Work to reduce completion time variability by addressing the root causes of outlier completion times. When your workflow becomes more predictable, you can make more reliable commitments to stakeholders and plan future work with greater confidence.
Compare completion time patterns before and after process changes to measure the effectiveness of workflow improvements. This approach helps you validate which changes actually improve delivery speed and which might need further refinement.
Use average completion times combined with your team's throughput data to make realistic delivery timeline commitments to stakeholders. Historical completion data provides the foundation for evidence-based planning discussions.
Team retrospectives and continuous improvement
Leverage Lead/Cycle Time data during team retrospectives and planning sessions:
Retrospective discussions: Use outlier issues as discussion points to understand what caused unusually fast or slow completion times and how to replicate successes or avoid problems.
Process experimentation: Try workflow changes and measure their impact through completion time trends over subsequent periods to validate improvements.
Workload management: Analyze completion time patterns during different workload periods to understand your team's capacity limits and optimal work distribution.
Predictability goals: Focus improvement efforts on reducing completion time variability to enable better planning and more reliable stakeholder commitments.
Sharing completion time insights
Communicate workflow performance effectively using Lead/Cycle Time data:
Stakeholder reporting: Use average completion times and trend data to provide realistic timeline expectations for future work and explain delivery planning approaches.

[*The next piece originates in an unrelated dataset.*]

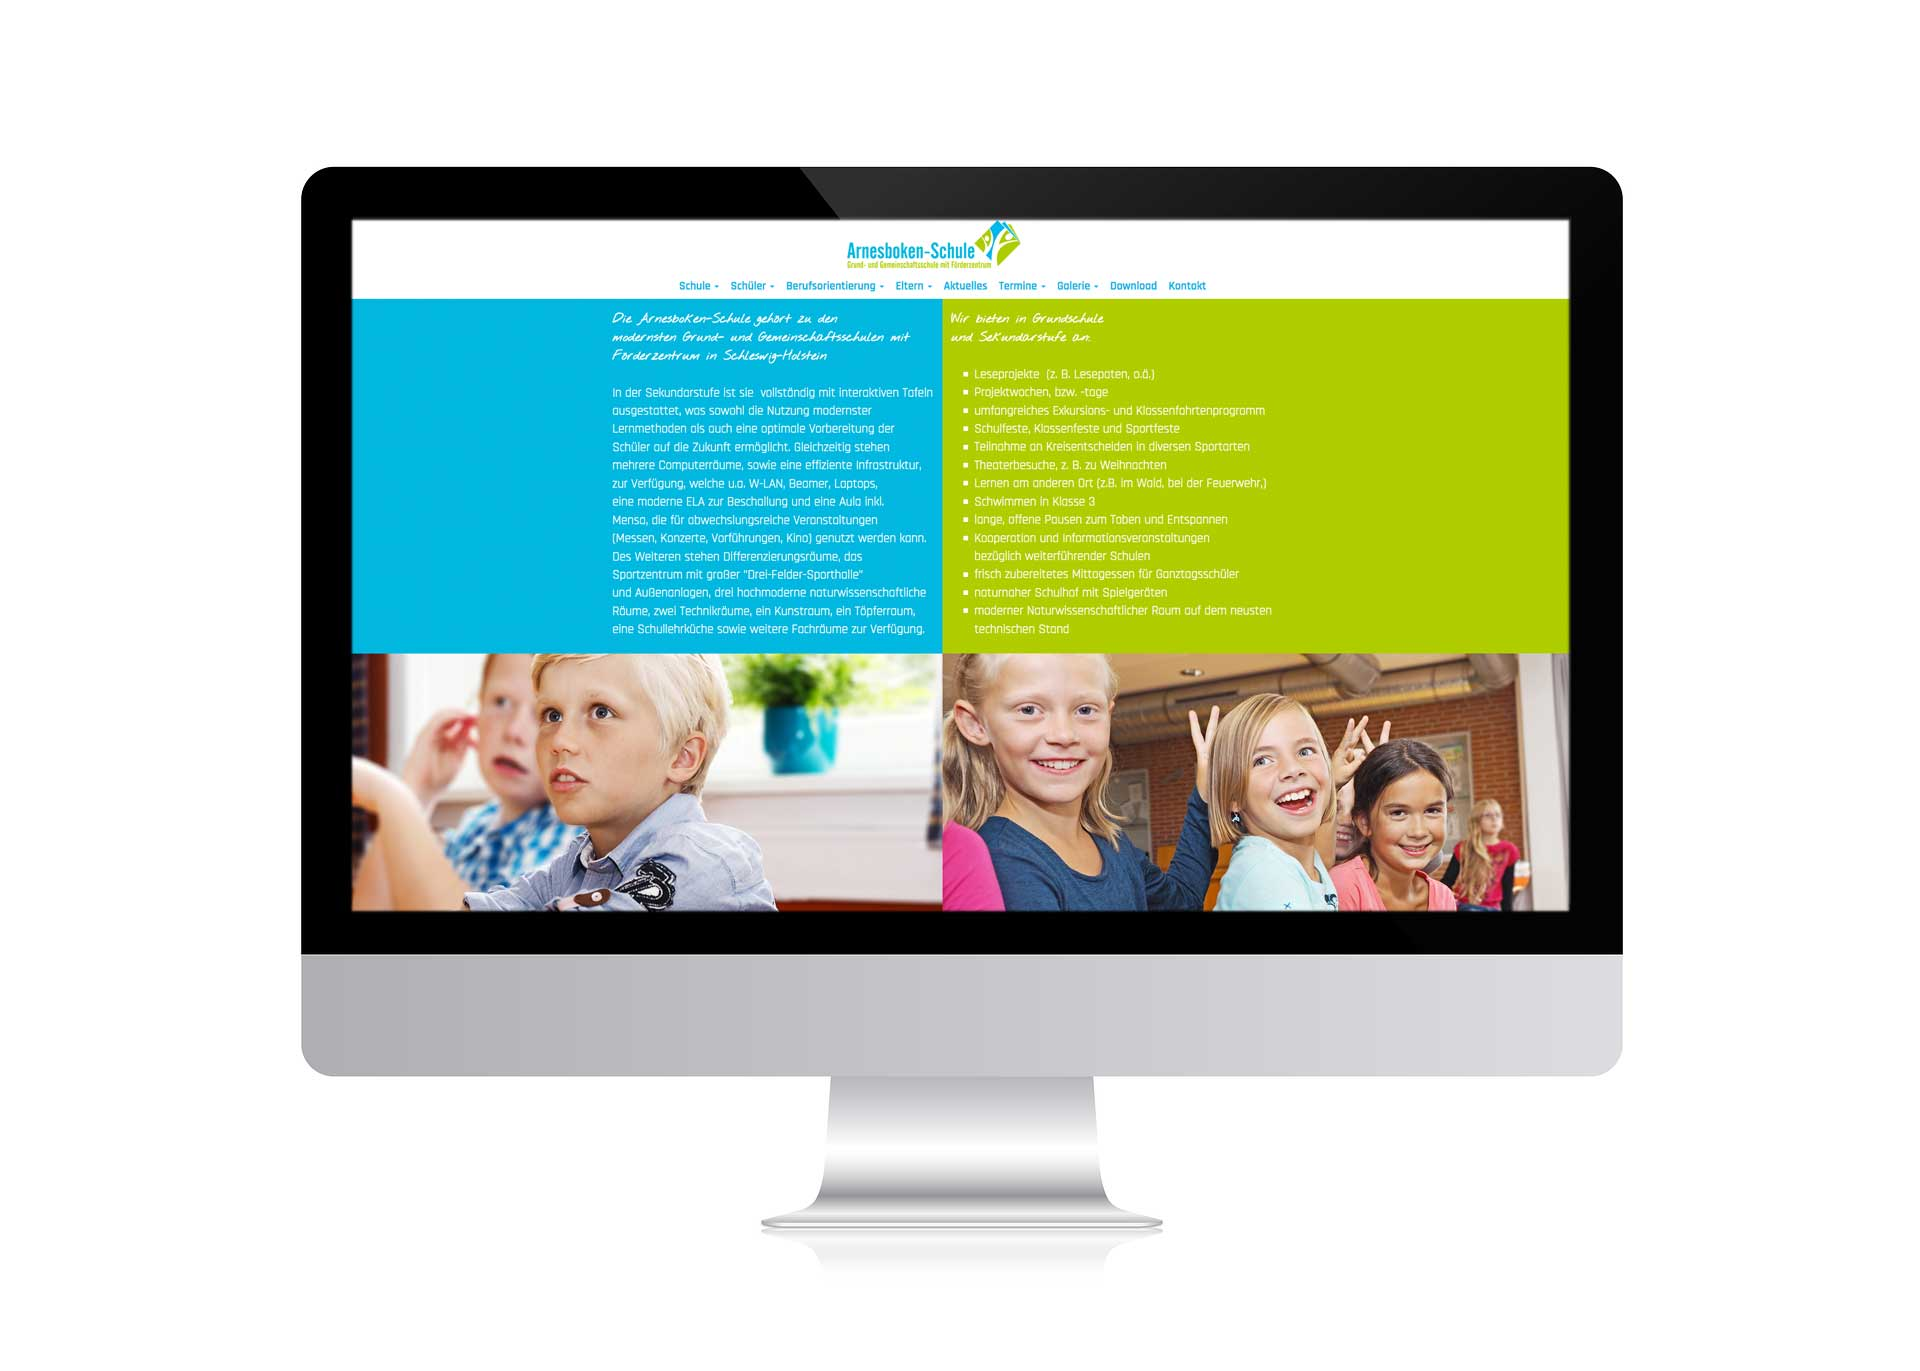 webdesign für die Arnesboken Schule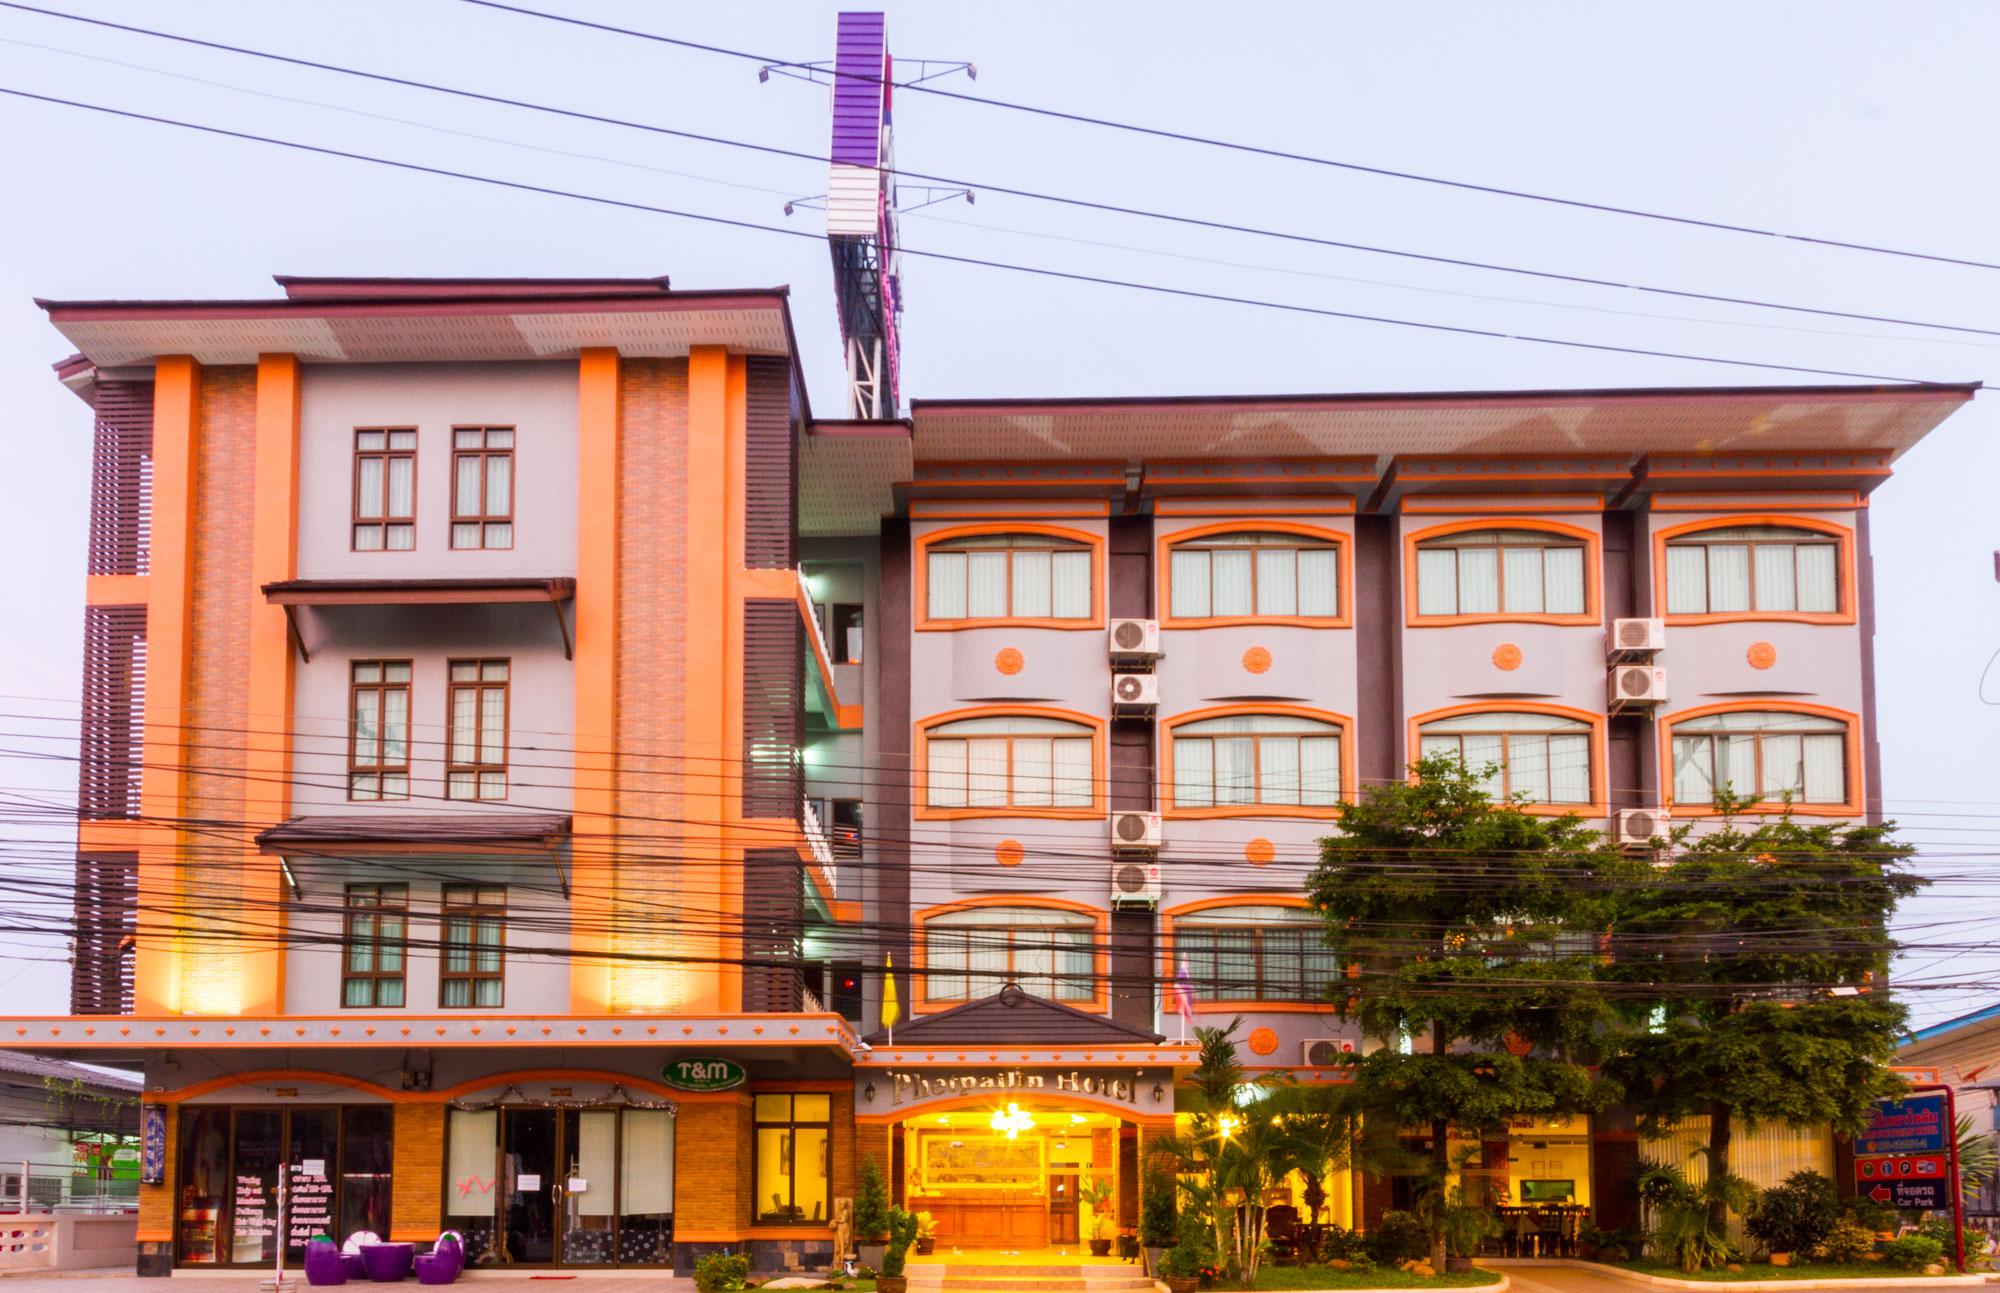 โรงแรมกระบี่เพชรไพลิน เมืองกระบี่  โรงแรมกระบี่เพชรไพลิน โฮเทล (Krabi Phetpailin Hotel) Halal IMG 0019

Process transparency: Share completion time patterns to help stakeholders understand workflow constraints and the reasoning behind delivery timeline estimates.
Report sharing: Click the "Share" button to generate shareable links or export data to CSV format for detailed analysis, including repo, issue title, estimates, pipeline dates, and completion times.
Improvement communication: Use before-and-after completion time comparisons to demonstrate the impact of process improvements and justify workflow optimization investments.
FAQ
Q: What's the difference between lead time and cycle time?
A: Lead time measures total time from issue creation to completion (including waiting time), while cycle time measures only active work time from when work begins to completion. Lead time shows stakeholder experience; cycle time shows internal process efficiency.
Q: Why are some of my completion times much longer than others?
A: High variability usually indicates differences in issue complexity, unexpected blockers, or inconsistent workflows. Issues outside the gray shaded area deserve investigation to understand what made them unusual.
Q: How do I know if my completion times are good?
A: Focus on predictability and trends rather than absolute numbers. Stable averages with minimal outliers indicate healthy processes, regardless of whether completion takes 3 days or 30 days.
Q: Can I use this report if my team doesn't estimate issues?
A: Yes! Lead/Cycle Time reports work entirely based on issue movement through pipelines and don't require story point estimates. They're particularly valuable for teams using Kanban or other non-estimation approaches.
Q: What should I do about outlier issues that took much longer than normal?
A: Investigate outliers during retrospectives to understand what caused the delay. Common causes include unclear requirements, unexpected complexity, external dependencies, or workflow bottlenecks that need addressing.
Q: How often should I review completion time data?
A: Review completion time trends during monthly retrospectives or when you notice changes in delivery predictability. Use the data to guide process improvement discussions and measure the impact of workflow changes.